* Instructions to follow *
Copy word for word, please, the lines of the entries below running from the one containing "Santafe 2.4 máy" to the one containing "Camino del Sol Funeral Chapel", both ends included.
▬▬▬▬▬▬▬▬▬▬
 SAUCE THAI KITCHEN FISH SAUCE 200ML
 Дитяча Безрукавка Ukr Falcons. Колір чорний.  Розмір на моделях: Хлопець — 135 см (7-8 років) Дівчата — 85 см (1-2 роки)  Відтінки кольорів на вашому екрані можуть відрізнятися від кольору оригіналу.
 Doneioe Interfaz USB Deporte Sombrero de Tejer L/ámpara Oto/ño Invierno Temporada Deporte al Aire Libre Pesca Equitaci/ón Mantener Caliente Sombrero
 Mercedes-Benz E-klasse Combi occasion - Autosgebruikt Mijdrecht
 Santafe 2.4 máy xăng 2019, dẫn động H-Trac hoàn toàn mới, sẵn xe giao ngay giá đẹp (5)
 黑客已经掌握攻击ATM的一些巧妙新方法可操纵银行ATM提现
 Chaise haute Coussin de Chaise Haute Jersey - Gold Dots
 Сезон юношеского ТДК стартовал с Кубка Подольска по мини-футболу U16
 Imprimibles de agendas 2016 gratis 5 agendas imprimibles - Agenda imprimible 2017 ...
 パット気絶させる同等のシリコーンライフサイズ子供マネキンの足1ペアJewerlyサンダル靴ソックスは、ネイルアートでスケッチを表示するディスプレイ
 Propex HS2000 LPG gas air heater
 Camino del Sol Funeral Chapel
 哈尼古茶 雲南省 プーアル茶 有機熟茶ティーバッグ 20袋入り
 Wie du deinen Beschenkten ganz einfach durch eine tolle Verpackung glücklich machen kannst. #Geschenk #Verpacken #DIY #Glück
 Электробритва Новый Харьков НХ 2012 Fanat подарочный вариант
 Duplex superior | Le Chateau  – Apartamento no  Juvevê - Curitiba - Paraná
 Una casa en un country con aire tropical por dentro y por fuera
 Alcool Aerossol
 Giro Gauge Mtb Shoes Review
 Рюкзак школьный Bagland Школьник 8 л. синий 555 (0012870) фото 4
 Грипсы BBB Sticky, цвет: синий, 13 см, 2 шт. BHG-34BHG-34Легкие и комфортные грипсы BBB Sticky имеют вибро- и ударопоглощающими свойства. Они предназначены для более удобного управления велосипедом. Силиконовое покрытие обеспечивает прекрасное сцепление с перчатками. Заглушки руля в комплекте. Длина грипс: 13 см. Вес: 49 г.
▬▬▬▬▬▬▬▬▬▬
* Output of the exercise *
 Santafe 2.4 máy xăng 2019, dẫn động H-Trac hoàn toàn mới, sẵn xe giao ngay giá đẹp (5)
 黑客已经掌握攻击ATM的一些巧妙新方法可操纵银行ATM提现
 Chaise haute Coussin de Chaise Haute Jersey - Gold Dots
 Сезон юношеского ТДК стартовал с Кубка Подольска по мини-футболу U16
 Imprimibles de agendas 2016 gratis 5 agendas imprimibles - Agenda imprimible 2017 ...
 パット気絶させる同等のシリコーンライフサイズ子供マネキンの足1ペアJewerlyサンダル靴ソックスは、ネイルアートでスケッチを表示するディスプレイ
 Propex HS2000 LPG gas air heater
 Camino del Sol Funeral Chapel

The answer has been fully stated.